[[ Record set, beginning ]]
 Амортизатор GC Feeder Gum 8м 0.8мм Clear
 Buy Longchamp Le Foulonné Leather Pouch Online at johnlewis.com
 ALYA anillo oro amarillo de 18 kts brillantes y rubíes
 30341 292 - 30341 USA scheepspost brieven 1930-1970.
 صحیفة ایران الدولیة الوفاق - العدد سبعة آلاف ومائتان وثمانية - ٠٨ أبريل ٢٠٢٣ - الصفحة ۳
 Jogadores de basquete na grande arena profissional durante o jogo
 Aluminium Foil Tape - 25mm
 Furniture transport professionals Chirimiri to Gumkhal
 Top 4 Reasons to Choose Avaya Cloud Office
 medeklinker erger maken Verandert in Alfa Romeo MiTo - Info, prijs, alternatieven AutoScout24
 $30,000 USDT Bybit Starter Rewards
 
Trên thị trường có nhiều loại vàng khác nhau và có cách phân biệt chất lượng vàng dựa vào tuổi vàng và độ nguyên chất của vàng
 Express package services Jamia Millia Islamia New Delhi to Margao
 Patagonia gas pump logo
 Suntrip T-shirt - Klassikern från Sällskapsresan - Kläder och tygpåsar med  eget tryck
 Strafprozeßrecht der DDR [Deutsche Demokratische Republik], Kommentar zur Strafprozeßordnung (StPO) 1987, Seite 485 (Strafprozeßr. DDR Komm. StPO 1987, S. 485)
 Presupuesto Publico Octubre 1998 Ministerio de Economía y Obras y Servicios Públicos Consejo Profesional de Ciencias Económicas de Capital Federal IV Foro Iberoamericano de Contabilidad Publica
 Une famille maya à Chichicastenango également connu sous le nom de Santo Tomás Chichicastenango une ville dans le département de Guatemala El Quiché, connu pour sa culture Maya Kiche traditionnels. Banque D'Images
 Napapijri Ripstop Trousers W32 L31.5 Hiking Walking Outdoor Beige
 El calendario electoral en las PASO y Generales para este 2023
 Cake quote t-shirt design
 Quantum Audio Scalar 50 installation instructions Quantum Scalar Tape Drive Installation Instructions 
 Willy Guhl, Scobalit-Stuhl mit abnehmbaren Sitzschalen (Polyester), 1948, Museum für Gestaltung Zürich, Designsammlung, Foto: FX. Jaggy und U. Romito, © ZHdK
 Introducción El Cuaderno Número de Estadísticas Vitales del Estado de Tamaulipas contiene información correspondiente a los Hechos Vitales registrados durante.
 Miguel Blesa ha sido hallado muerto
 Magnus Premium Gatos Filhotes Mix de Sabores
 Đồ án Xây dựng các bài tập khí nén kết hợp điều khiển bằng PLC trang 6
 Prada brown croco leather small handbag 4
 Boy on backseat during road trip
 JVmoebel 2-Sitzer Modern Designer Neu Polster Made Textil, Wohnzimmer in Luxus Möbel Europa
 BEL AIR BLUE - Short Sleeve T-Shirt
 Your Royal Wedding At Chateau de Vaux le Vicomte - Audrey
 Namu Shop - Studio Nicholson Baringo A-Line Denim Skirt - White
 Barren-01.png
[[ Record set, end ]]
# [How to complete this task]
From the entries above, give again exactly the lines running from the line with "Miguel Blesa ha sido hallado muerto" to the line with "Your Royal Wedding"; include both of those lines.

# [Your solution]
 Miguel Blesa ha sido hallado muerto
 Magnus Premium Gatos Filhotes Mix de Sabores
 Đồ án Xây dựng các bài tập khí nén kết hợp điều khiển bằng PLC trang 6
 Prada brown croco leather small handbag 4
 Boy on backseat during road trip
 JVmoebel 2-Sitzer Modern Designer Neu Polster Made Textil, Wohnzimmer in Luxus Möbel Europa
 BEL AIR BLUE - Short Sleeve T-Shirt
 Your Royal Wedding At Chateau de Vaux le Vicomte - Audrey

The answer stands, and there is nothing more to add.